I don't take it off when I shower or clean, and nothing gets in it when I change Eddie's diaper. Sure it gets mineral crud in it over time, but then you pop it into your handy dandy at-home ring cleaner solution, and voila! it's clean and shiny again.
Just because a girl wants a ring that is prong-set, and stands up off her finger doesn't mean she doesn't also value smart money choices- different couples have different value systems of what is important to them to spend money on.
For example, my brother recently got engaged and married. He felt it was a matter of honor to give her a very nice, real diamond ring, even if he had to finance it, in order to feel like he was doing the thing properly, and for her sake, so she felt like she had a real ring. I don't know what they spent, but I'm sure it was reasonable. To them, it was appropriate to invest in diamonds and gold to symbolize his commitment, and because he wanted her to have a really nice ring on her finger.
I think that in the end, there is no right or wrong, but just what a couple agrees is mutually important to them.
I think you're totally right, Caitlin. Everyone has different values and I'm not going to suggest for a second that our choices are, or should be, the same as other people's choices. I'm just waxing philosophical about how my ring was just perfect for me and for our time in life! As for financing a ring, that's everyone's personal decision. For us, we decided it wasn't worth it. It wasn't on the "house, first modest vehicle, or education" list, so we didn't consider it something that we should go into debt for. I didn't care if mine was a CZ or a real diamond, but buying a real diamond meant a lot to Brennan so he chose to do so. He just made sure it was smaller so it was within his budget.
Also, I really do like big diamonds. I think they're beautiful! I wouldn't suggest for a moment that someone NOT have a large ring, especially if they can afford it. We just weren't in a place to be doing that. Maybe when we're a bit older and more financially stable that will be something we can enjoy. But I'll always love my ring!
I enjoyed your post, Amy. I had flash backs to 8 years ago (yup, 8 in 12 days!) when we were getting engaged and I was only 18. I had this same conversation with Brad.
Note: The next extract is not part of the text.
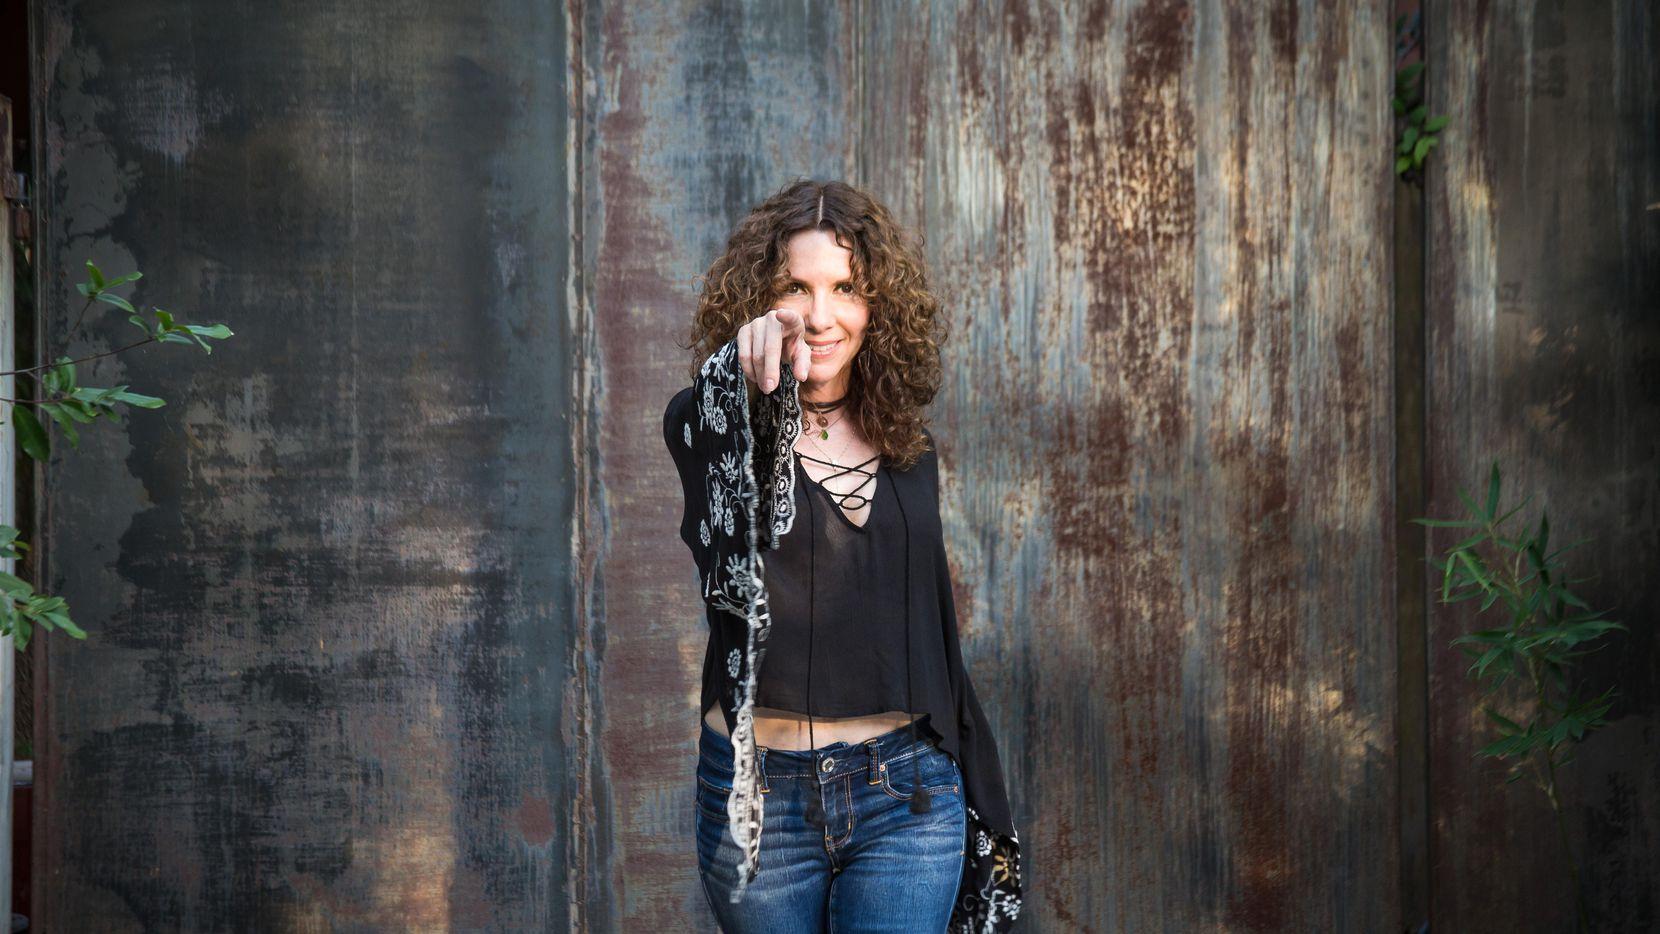 Lisa Morales se presenta el jueves en The House of Blues de Dallas.(Gabriella Micene)

And now, even with our budget probably changing in the future, I made Brad promise over and over to never ever get me a different ring. My ring symbolizes so much and it wouldnt matter if we could afford 5 carats; I want to keep my original ring. So many doctors wives "upgrade" and I've made it very clear to him that I'm simply not interested.
Did Jamie instill in you the fear of poop in your ring? Because I swear that was all she would talk about when Daryl & I were looking for a ring. Probably not the ONLY thing she mentioned, but it's all that I remember in my old age.
I also love my ring and think that it's absolutely perfect for me. Sometimes I have nightmares about losing my ring if the house catches on fire in the middle of the night and I can't grab the ring and the babe (House fires are my irrational fear)since I can't sleep with it on my finger. It does come down to just a possession, but it's got to be my favorite material object in the whole world.
8 years Erica?! You old fart. Oh wait, I was there. Never mind. =o)
Oh Erica, I'm right there with you. I love sparkles and definitely wouldn't mind more in my life someday. But as for that ring finger...well, it already has its friend and I wouldn't trade or "upgrade" for all the shiny things in the world.
When commutergirl and I went ring shopping, we wandered all over town, all day, until we finally went to a store at the mall that was having a sale. She saw this one ring and just started doing the happy dance. And that was that. It didn't hurt that the ring she wanted was 40% off, either.